8. Distractions. How many times have you opened and closed the fridge? Some of this behavior is habitual and will not stop even when your “old friends” are no longer in the fridge. Most of the time, at least for me, this is happening out of boredom. Find a hobby, take up writing, knitting, walking, meditating, painting, watching house of cards (away from the kitchen.) If you are keeping yourself busy you won’t be tempted to eat out of boredom.
9. Avoid Restaurants. Obviously, you may find yourself eating out a few times here and there but try to keep this to a minimum. It will be much harder to stay on track and you can’t control what you are eating as much when you are not the one doing the cooking. If you work and cooking during the week is hard, try preparing your meals ahead of time on a sunday. You can even involve your family in the process or if you live alone turn up the music and throw yourself a weekly cooking party. Go ahead, sing along, dance to the music, no one is watching!

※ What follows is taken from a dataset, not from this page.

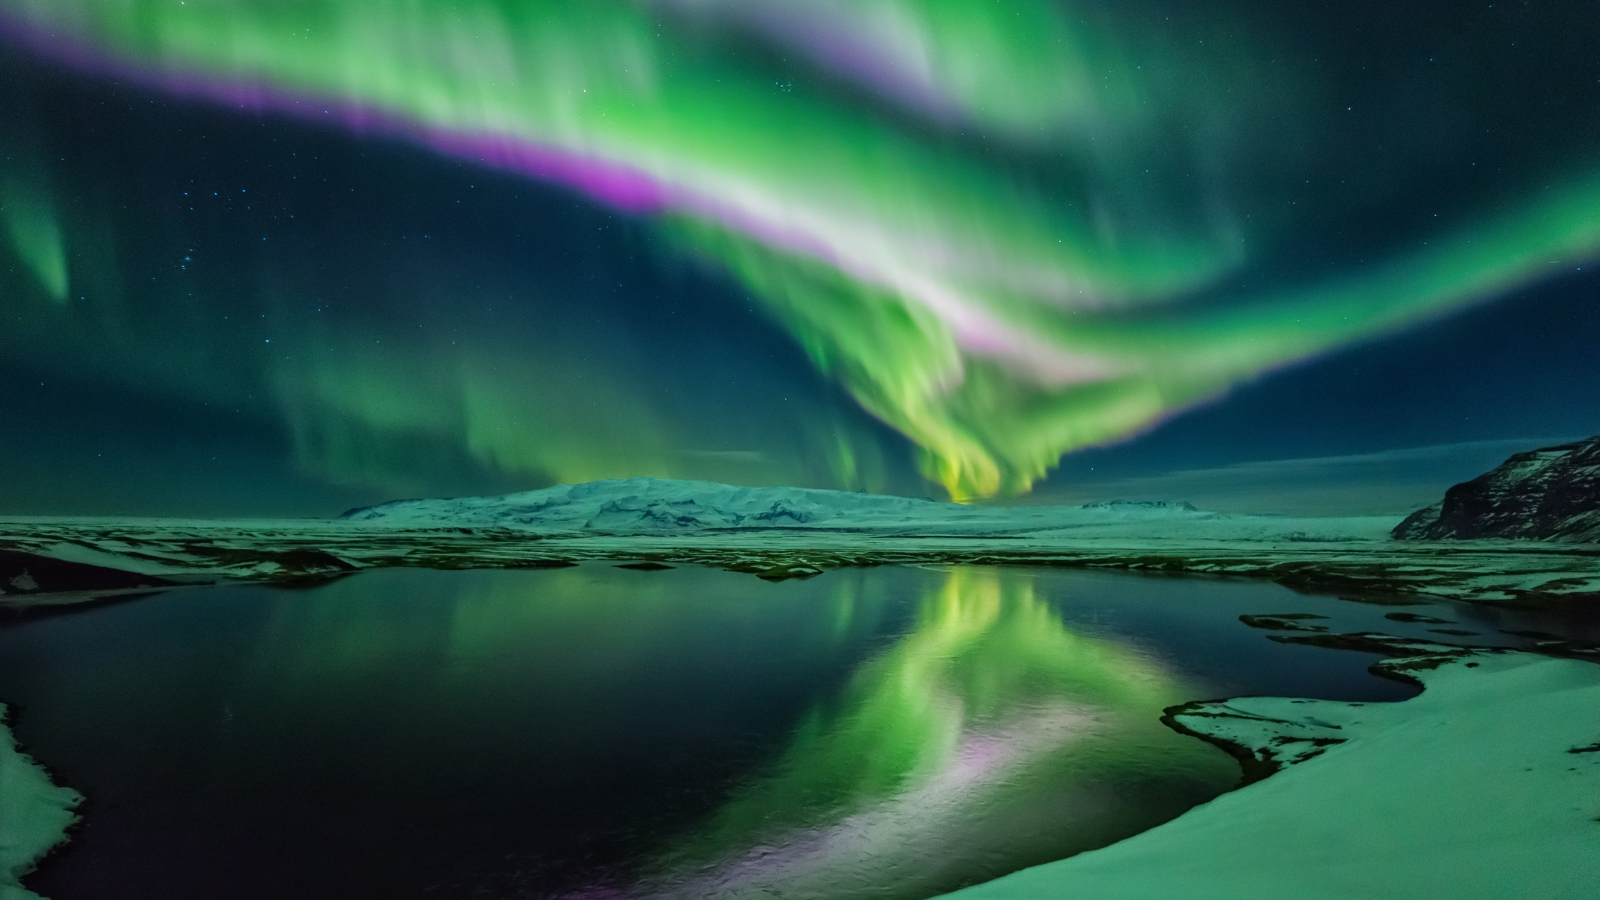 The Northern Lights as seen from Iceland.

10. Be prepared. When possible, prepare for the unexpected. Ever gone to the movies on a diet? The smell of popcorn swimming through the air can be lethal to anyone trying to go carb-less. I call my solution: battle of the senses. When I go to the movies, I bring an orange or clementine. The scent of the citrus will overpower the popcorn smell and the sweetness of the fruit will be just enough to give you a little spike without causing too much damage. It is important to think ahead in situations like this.
11. Evaluate. You have made it over the 4 day hump. How do you feel? Is it getting easier? Do a check-in with yourself and decide how you would like to move forward.
12. Celebrate! You did it, you have mastered the impossible! Be proud of yourself. If you can conquer your addiction to carbs, imagine what other impossible feats you can overcome!
You…..You’re good you….You’re very very good!